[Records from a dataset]

=====

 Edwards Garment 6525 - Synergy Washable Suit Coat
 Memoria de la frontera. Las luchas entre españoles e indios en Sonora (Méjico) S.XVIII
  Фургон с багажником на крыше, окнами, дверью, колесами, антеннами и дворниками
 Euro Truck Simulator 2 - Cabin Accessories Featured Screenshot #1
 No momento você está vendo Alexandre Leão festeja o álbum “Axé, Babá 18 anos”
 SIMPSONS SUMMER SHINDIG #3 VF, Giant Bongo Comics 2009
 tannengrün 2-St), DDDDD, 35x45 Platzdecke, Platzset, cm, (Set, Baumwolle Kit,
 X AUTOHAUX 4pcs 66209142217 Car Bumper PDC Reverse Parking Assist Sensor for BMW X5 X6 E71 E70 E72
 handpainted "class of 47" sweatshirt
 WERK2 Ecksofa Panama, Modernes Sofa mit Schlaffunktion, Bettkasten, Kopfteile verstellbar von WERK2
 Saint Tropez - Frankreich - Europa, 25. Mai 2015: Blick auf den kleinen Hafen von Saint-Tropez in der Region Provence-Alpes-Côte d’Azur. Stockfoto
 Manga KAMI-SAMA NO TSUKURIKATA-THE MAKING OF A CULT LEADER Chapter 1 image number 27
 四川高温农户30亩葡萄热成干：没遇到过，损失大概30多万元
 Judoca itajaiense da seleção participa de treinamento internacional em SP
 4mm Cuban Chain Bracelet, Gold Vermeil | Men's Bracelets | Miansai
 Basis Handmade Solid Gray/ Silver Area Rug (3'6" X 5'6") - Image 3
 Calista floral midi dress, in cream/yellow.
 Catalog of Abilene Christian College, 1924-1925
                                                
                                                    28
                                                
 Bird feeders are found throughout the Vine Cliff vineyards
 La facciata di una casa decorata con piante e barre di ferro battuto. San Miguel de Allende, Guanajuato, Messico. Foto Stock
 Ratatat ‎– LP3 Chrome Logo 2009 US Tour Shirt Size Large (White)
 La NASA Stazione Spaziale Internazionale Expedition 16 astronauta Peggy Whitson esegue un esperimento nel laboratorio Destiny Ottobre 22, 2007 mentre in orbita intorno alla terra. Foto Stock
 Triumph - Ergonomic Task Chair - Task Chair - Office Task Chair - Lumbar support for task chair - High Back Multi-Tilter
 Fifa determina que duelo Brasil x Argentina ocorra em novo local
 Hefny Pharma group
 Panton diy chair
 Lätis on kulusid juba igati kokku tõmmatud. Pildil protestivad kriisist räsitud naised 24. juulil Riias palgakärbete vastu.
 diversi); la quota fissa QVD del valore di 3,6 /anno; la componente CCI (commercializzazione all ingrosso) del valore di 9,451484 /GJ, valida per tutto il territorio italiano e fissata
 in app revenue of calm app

=====

YOUR OBJECTIVE => Only the lines from the one with "Hefny Pharma group" through the final line above belong in the answer, each retyped exactly.

REPLY =>
 Hefny Pharma group
 Panton diy chair
 Lätis on kulusid juba igati kokku tõmmatud. Pildil protestivad kriisist räsitud naised 24. juulil Riias palgakärbete vastu.
 diversi); la quota fissa QVD del valore di 3,6 /anno; la componente CCI (commercializzazione all ingrosso) del valore di 9,451484 /GJ, valida per tutto il territorio italiano e fissata
 in app revenue of calm app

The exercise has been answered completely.